On Thu, Jul 07, 2005 at 03:48:37PM -0400, Steve Grubb wrote:
On Thursday 07 July 2005 15:04, Greg KH wrote:
> You are adding auditfs, a new userspace access, right?
Not sure what you mean. This is using the same netlink interface that all the
rest of the audit system is using for command and control. Nothing has
changed here. What is different is the message I send into the kernel. The
audit system dispatches it into Tim's code which in turn sets up the watch.
What is auditfs for then?
> His email provided no documentation that I could see. Am I just
missing
> something?
The auditfs code is programmed by filling out the watch_transport structure
and sending a AUDIT_WATCH_INS message type. The perms, pathlen, & keylen are
all that's filled out. The path & key are stored back to back in the payload
section. To delete, you do the same thing and send AUDIT_WATCH_REM message.
Yes, this should be added to the documentation.
So how does userspace interact with auditfs?

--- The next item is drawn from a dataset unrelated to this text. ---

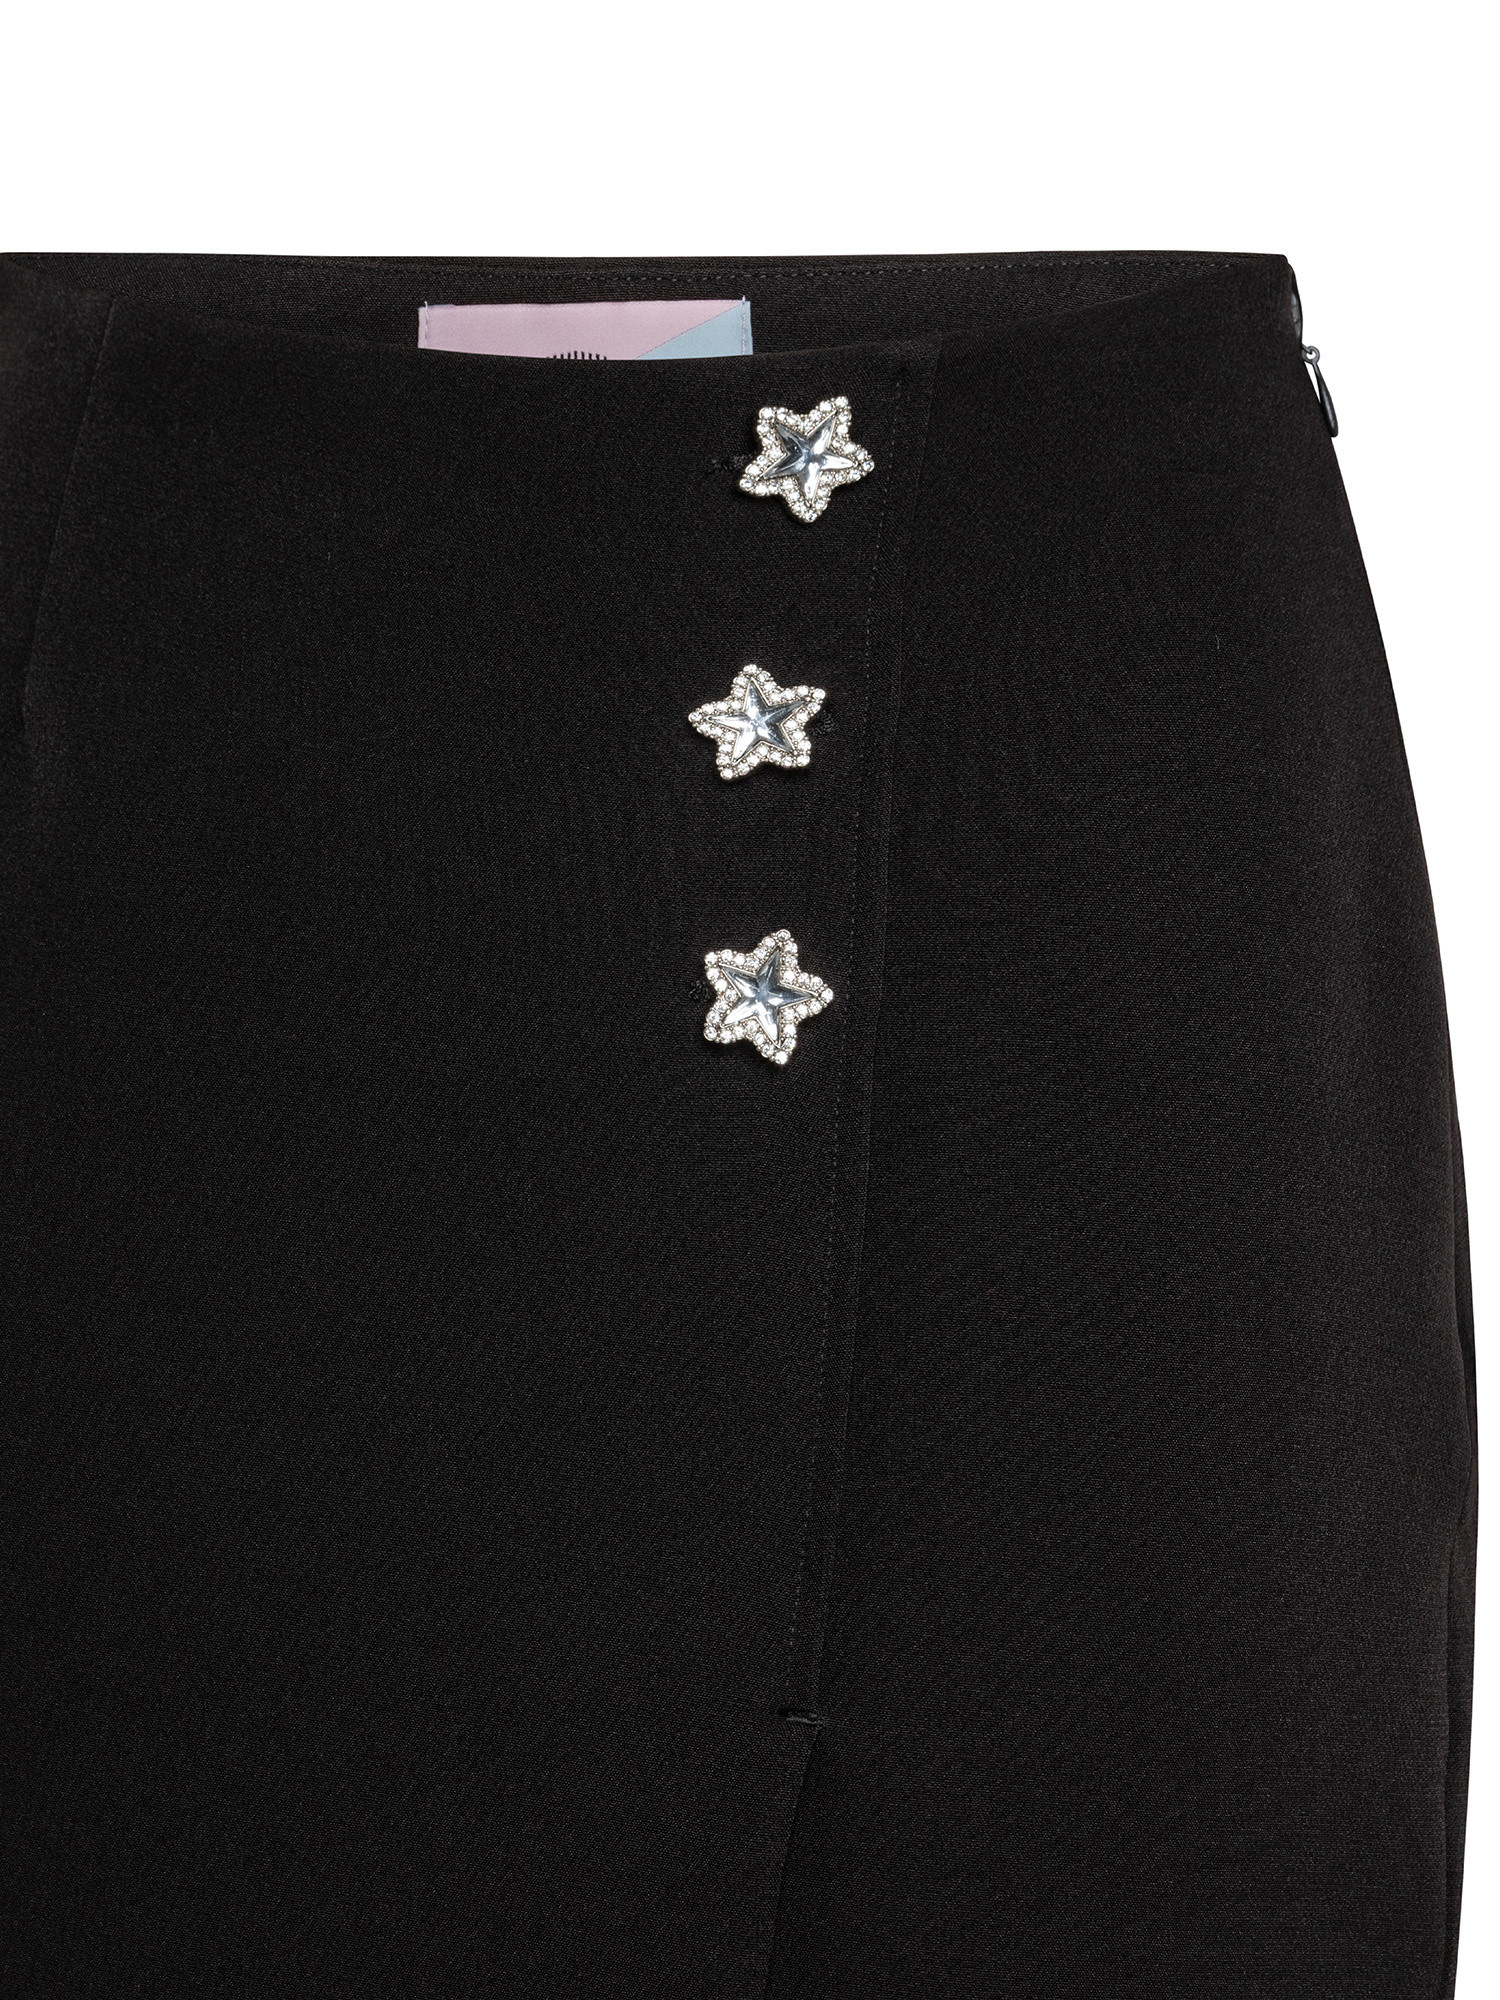 Skirt, Black, large image number 2

Tim's code lets you say I want change notification to this file
only. The
notification follows the audit format with all relavant pieces of information
gathered at the time of the event and serialized with all other events.
That's great, and I understand the need for it. I just see all the
duplication between this effort and inotify, and know of Tim's
reluctance to want to work with inotify, and am objecting to that.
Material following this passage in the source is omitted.